------ RECORDS TO USE

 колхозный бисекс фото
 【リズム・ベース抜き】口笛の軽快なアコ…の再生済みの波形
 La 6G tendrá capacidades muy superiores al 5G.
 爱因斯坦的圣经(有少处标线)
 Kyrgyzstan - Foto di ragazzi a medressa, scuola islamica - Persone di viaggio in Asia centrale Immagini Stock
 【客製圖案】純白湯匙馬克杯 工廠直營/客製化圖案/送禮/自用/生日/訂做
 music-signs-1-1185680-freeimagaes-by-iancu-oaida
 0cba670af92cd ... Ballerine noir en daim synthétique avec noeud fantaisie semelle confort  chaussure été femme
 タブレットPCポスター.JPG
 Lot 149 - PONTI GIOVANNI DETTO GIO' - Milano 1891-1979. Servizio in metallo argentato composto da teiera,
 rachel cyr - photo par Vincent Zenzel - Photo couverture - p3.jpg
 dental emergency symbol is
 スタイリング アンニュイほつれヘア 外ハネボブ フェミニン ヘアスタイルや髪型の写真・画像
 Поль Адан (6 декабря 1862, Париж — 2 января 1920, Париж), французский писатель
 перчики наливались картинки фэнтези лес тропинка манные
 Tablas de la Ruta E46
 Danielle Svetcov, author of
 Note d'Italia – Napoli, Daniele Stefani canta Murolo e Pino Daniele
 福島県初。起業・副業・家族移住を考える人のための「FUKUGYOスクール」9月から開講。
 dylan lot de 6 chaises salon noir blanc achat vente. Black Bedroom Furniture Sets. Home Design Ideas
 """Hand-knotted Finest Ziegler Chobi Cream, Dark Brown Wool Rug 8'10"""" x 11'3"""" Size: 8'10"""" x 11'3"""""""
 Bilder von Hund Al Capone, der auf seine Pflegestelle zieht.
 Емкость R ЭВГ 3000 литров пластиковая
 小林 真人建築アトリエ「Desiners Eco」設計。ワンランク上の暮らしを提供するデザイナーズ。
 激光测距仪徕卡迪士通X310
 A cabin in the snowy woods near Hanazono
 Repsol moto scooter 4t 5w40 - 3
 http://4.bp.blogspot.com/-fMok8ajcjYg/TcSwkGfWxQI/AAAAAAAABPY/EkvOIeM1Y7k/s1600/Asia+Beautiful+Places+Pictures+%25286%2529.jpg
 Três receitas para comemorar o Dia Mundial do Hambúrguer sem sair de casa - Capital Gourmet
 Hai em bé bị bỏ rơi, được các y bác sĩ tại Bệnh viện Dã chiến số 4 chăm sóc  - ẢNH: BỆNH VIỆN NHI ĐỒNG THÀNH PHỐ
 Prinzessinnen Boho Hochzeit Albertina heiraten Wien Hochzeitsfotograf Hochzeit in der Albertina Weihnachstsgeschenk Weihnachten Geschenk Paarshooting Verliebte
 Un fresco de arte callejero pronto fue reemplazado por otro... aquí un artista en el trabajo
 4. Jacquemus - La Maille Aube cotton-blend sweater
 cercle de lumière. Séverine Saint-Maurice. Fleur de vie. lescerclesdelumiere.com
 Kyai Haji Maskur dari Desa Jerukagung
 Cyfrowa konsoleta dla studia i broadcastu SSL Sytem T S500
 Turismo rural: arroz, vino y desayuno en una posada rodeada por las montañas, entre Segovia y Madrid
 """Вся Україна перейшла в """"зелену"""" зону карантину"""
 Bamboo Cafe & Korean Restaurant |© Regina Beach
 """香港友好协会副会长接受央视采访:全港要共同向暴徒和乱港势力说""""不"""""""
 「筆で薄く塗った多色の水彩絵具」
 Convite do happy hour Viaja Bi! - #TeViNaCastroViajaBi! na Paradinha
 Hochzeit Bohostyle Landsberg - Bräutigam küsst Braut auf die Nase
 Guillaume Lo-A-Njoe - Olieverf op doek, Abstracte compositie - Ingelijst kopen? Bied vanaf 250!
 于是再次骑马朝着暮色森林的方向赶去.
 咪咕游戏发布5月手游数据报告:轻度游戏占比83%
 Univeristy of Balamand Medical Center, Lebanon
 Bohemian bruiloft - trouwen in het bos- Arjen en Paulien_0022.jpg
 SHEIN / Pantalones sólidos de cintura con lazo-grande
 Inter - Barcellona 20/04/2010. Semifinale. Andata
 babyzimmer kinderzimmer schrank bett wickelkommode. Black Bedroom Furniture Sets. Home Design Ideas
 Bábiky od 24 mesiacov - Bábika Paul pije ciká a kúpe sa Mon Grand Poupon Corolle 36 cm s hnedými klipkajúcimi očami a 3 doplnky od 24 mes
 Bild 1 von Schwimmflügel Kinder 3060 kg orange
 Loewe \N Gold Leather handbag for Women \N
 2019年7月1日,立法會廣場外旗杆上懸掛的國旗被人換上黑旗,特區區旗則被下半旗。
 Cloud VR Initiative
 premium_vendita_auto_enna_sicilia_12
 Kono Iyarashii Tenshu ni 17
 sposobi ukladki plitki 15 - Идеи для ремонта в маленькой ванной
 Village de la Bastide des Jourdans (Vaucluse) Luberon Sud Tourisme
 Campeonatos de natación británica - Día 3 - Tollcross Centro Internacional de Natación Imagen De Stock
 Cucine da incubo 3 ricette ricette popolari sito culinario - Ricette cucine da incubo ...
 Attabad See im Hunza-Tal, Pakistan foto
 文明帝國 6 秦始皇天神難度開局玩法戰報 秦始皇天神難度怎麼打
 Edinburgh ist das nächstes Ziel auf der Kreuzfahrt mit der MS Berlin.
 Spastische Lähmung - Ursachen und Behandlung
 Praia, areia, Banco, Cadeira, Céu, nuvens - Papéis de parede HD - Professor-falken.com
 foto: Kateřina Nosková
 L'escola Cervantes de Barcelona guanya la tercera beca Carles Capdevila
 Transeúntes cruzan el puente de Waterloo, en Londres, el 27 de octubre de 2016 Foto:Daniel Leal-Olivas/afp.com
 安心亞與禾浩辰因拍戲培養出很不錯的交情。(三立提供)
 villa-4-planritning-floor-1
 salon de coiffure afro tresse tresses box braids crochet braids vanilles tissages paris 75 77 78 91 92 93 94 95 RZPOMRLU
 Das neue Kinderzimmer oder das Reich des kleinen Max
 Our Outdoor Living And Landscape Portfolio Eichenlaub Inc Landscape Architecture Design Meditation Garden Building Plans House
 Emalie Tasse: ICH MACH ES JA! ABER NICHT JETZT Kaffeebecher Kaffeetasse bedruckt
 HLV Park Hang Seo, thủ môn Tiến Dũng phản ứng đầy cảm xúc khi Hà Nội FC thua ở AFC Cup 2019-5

------------

■ PROBLEM STATEMENT: Repeat each line of the data exactly as it appears above.

■ EXPECTED ANSWER:
 колхозный бисекс фото
 【リズム・ベース抜き】口笛の軽快なアコ…の再生済みの波形
 La 6G tendrá capacidades muy superiores al 5G.
 爱因斯坦的圣经(有少处标线)
 Kyrgyzstan - Foto di ragazzi a medressa, scuola islamica - Persone di viaggio in Asia centrale Immagini Stock
 【客製圖案】純白湯匙馬克杯 工廠直營/客製化圖案/送禮/自用/生日/訂做
 music-signs-1-1185680-freeimagaes-by-iancu-oaida
 0cba670af92cd ... Ballerine noir en daim synthétique avec noeud fantaisie semelle confort  chaussure été femme
 タブレットPCポスター.JPG
 Lot 149 - PONTI GIOVANNI DETTO GIO' - Milano 1891-1979. Servizio in metallo argentato composto da teiera,
 rachel cyr - photo par Vincent Zenzel - Photo couverture - p3.jpg
 dental emergency symbol is
 スタイリング アンニュイほつれヘア 外ハネボブ フェミニン ヘアスタイルや髪型の写真・画像
 Поль Адан (6 декабря 1862, Париж — 2 января 1920, Париж), французский писатель
 перчики наливались картинки фэнтези лес тропинка манные
 Tablas de la Ruta E46
 Danielle Svetcov, author of
 Note d'Italia – Napoli, Daniele Stefani canta Murolo e Pino Daniele
 福島県初。起業・副業・家族移住を考える人のための「FUKUGYOスクール」9月から開講。
 dylan lot de 6 chaises salon noir blanc achat vente. Black Bedroom Furniture Sets. Home Design Ideas
 """Hand-knotted Finest Ziegler Chobi Cream, Dark Brown Wool Rug 8'10"""" x 11'3"""" Size: 8'10"""" x 11'3"""""""
 Bilder von Hund Al Capone, der auf seine Pflegestelle zieht.
 Емкость R ЭВГ 3000 литров пластиковая
 小林 真人建築アトリエ「Desiners Eco」設計。ワンランク上の暮らしを提供するデザイナーズ。
 激光测距仪徕卡迪士通X310
 A cabin in the snowy woods near Hanazono
 Repsol moto scooter 4t 5w40 - 3
 http://4.bp.blogspot.com/-fMok8ajcjYg/TcSwkGfWxQI/AAAAAAAABPY/EkvOIeM1Y7k/s1600/Asia+Beautiful+Places+Pictures+%25286%2529.jpg
 Três receitas para comemorar o Dia Mundial do Hambúrguer sem sair de casa - Capital Gourmet
 Hai em bé bị bỏ rơi, được các y bác sĩ tại Bệnh viện Dã chiến số 4 chăm sóc  - ẢNH: BỆNH VIỆN NHI ĐỒNG THÀNH PHỐ
 Prinzessinnen Boho Hochzeit Albertina heiraten Wien Hochzeitsfotograf Hochzeit in der Albertina Weihnachstsgeschenk Weihnachten Geschenk Paarshooting Verliebte
 Un fresco de arte callejero pronto fue reemplazado por otro... aquí un artista en el trabajo
 4. Jacquemus - La Maille Aube cotton-blend sweater
 cercle de lumière. Séverine Saint-Maurice. Fleur de vie. lescerclesdelumiere.com
 Kyai Haji Maskur dari Desa Jerukagung
 Cyfrowa konsoleta dla studia i broadcastu SSL Sytem T S500
 Turismo rural: arroz, vino y desayuno en una posada rodeada por las montañas, entre Segovia y Madrid
 """Вся Україна перейшла в """"зелену"""" зону карантину"""
 Bamboo Cafe & Korean Restaurant |© Regina Beach
 """香港友好协会副会长接受央视采访:全港要共同向暴徒和乱港势力说""""不"""""""
 「筆で薄く塗った多色の水彩絵具」
 Convite do happy hour Viaja Bi! - #TeViNaCastroViajaBi! na Paradinha
 Hochzeit Bohostyle Landsberg - Bräutigam küsst Braut auf die Nase
 Guillaume Lo-A-Njoe - Olieverf op doek, Abstracte compositie - Ingelijst kopen? Bied vanaf 250!
 于是再次骑马朝着暮色森林的方向赶去.
 咪咕游戏发布5月手游数据报告:轻度游戏占比83%
 Univeristy of Balamand Medical Center, Lebanon
 Bohemian bruiloft - trouwen in het bos- Arjen en Paulien_0022.jpg
 SHEIN / Pantalones sólidos de cintura con lazo-grande
 Inter - Barcellona 20/04/2010. Semifinale. Andata
 babyzimmer kinderzimmer schrank bett wickelkommode. Black Bedroom Furniture Sets. Home Design Ideas
 Bábiky od 24 mesiacov - Bábika Paul pije ciká a kúpe sa Mon Grand Poupon Corolle 36 cm s hnedými klipkajúcimi očami a 3 doplnky od 24 mes
 Bild 1 von Schwimmflügel Kinder 3060 kg orange
 Loewe \N Gold Leather handbag for Women \N
 2019年7月1日,立法會廣場外旗杆上懸掛的國旗被人換上黑旗,特區區旗則被下半旗。
 Cloud VR Initiative
 premium_vendita_auto_enna_sicilia_12
 Kono Iyarashii Tenshu ni 17
 sposobi ukladki plitki 15 - Идеи для ремонта в маленькой ванной
 Village de la Bastide des Jourdans (Vaucluse) Luberon Sud Tourisme
 Campeonatos de natación británica - Día 3 - Tollcross Centro Internacional de Natación Imagen De Stock
 Cucine da incubo 3 ricette ricette popolari sito culinario - Ricette cucine da incubo ...
 Attabad See im Hunza-Tal, Pakistan foto
 文明帝國 6 秦始皇天神難度開局玩法戰報 秦始皇天神難度怎麼打
 Edinburgh ist das nächstes Ziel auf der Kreuzfahrt mit der MS Berlin.
 Spastische Lähmung - Ursachen und Behandlung
 Praia, areia, Banco, Cadeira, Céu, nuvens - Papéis de parede HD - Professor-falken.com
 foto: Kateřina Nosková
 L'escola Cervantes de Barcelona guanya la tercera beca Carles Capdevila
 Transeúntes cruzan el puente de Waterloo, en Londres, el 27 de octubre de 2016 Foto:Daniel Leal-Olivas/afp.com
 安心亞與禾浩辰因拍戲培養出很不錯的交情。(三立提供)
 villa-4-planritning-floor-1
 salon de coiffure afro tresse tresses box braids crochet braids vanilles tissages paris 75 77 78 91 92 93 94 95 RZPOMRLU
 Das neue Kinderzimmer oder das Reich des kleinen Max
 Our Outdoor Living And Landscape Portfolio Eichenlaub Inc Landscape Architecture Design Meditation Garden Building Plans House
 Emalie Tasse: ICH MACH ES JA! ABER NICHT JETZT Kaffeebecher Kaffeetasse bedruckt
 HLV Park Hang Seo, thủ môn Tiến Dũng phản ứng đầy cảm xúc khi Hà Nội FC thua ở AFC Cup 2019-5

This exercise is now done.